10. Rule 4-A was added by the 1976 Amendment. It provides a clue to this situation because the Rule specifically speak of the procedure to be followed 'where there is no legal representative'. Sub-rule 1 tells us that a Court may on the application of any party to the Suit proceed in the absence of a person representing the estate of the deceased or may appoint the Administrator General (which was why I have required Mr. Adake's presence in Court today) or an officer of the Court or any other persons to represent that estate. Sub-rule 2 is important because it tells us of the precautionary procedure to be followed by giving notice in such manner as the Court thinks fit and placing a duty on the Court to ascertain that the person, if any appointed, to represent the estate of the deceased does not have an interest adverse to the interest of the deceased.

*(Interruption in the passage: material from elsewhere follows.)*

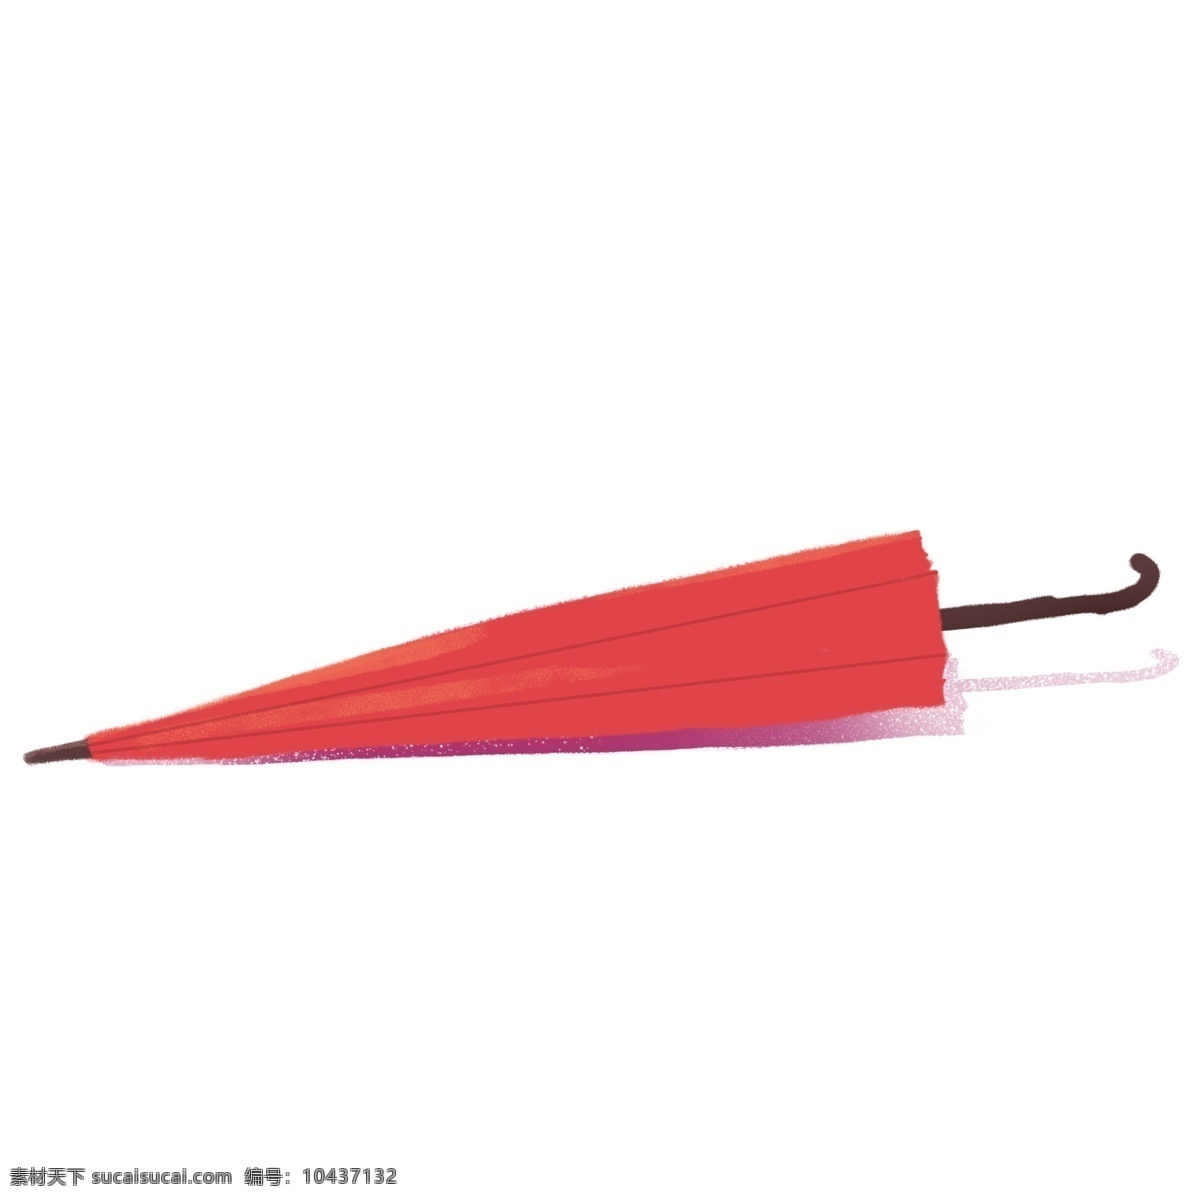 一把 红色 小 雨伞 免 抠 图 伞 装饰物 免抠图 红色的小雨伞 红色小雨伞 小雨伞 漂亮的伞

11. I will return to this Clause briefly because I believe there are certain additional recommendations that ought to be made as steps to be followed by Courts in dealing with a situation like this, but before I proceed to that let me consider the authorities that are cited by Mr. Dani. The first is the decision of the Supreme Court in Balwant N Viswamitra & Ors v Yadav Sadashiv Mule (deceased by Lrs) & Ors. MANU/SC/0625/2004 : 2005(2) Bom CR 259 This was the case where a single Judge of this Court held a decree sought to be executed as void. The dispute was in respect to the land at village Kanjur. There was a tenancy in respect of this land which was terminated and an eviction proceeding was filed in the Court of Small Causes. Paragraph 2 of the judgment tells us that the deceased son of the original tenant had legal heirs but the Plaintiff did not know their names. The plaintiffs were living in Bhandup on the Mumbai Agra Road, not at or near the premises. Despite enquiries, the plaintiffs could not find information about the heirs. He, therefore, brought a suit against the heirs and legal representatives of the original tenant and produced a packet containing a written notice with the remark 'not known'. The submission before the Supreme Court was that the Bombay High Court was wrong in saying that the resultant decree was a nullity. There is a discussion about the background facts regarding service, but the main question set out in paragraph 9 of the judgment is whether a decree passed by the Trial Court could be said to be null and void? The Supreme Court drew the distinction between a decree that is void and one that is merely wrong, incorrect, irregular or not in accordance with law. It then went on to say that such a decree is not a nullity. This decision is cited by Mr. Dani on the limited aspect that even if such a suit is brought and decreed, the result is not a decree that is a nullity.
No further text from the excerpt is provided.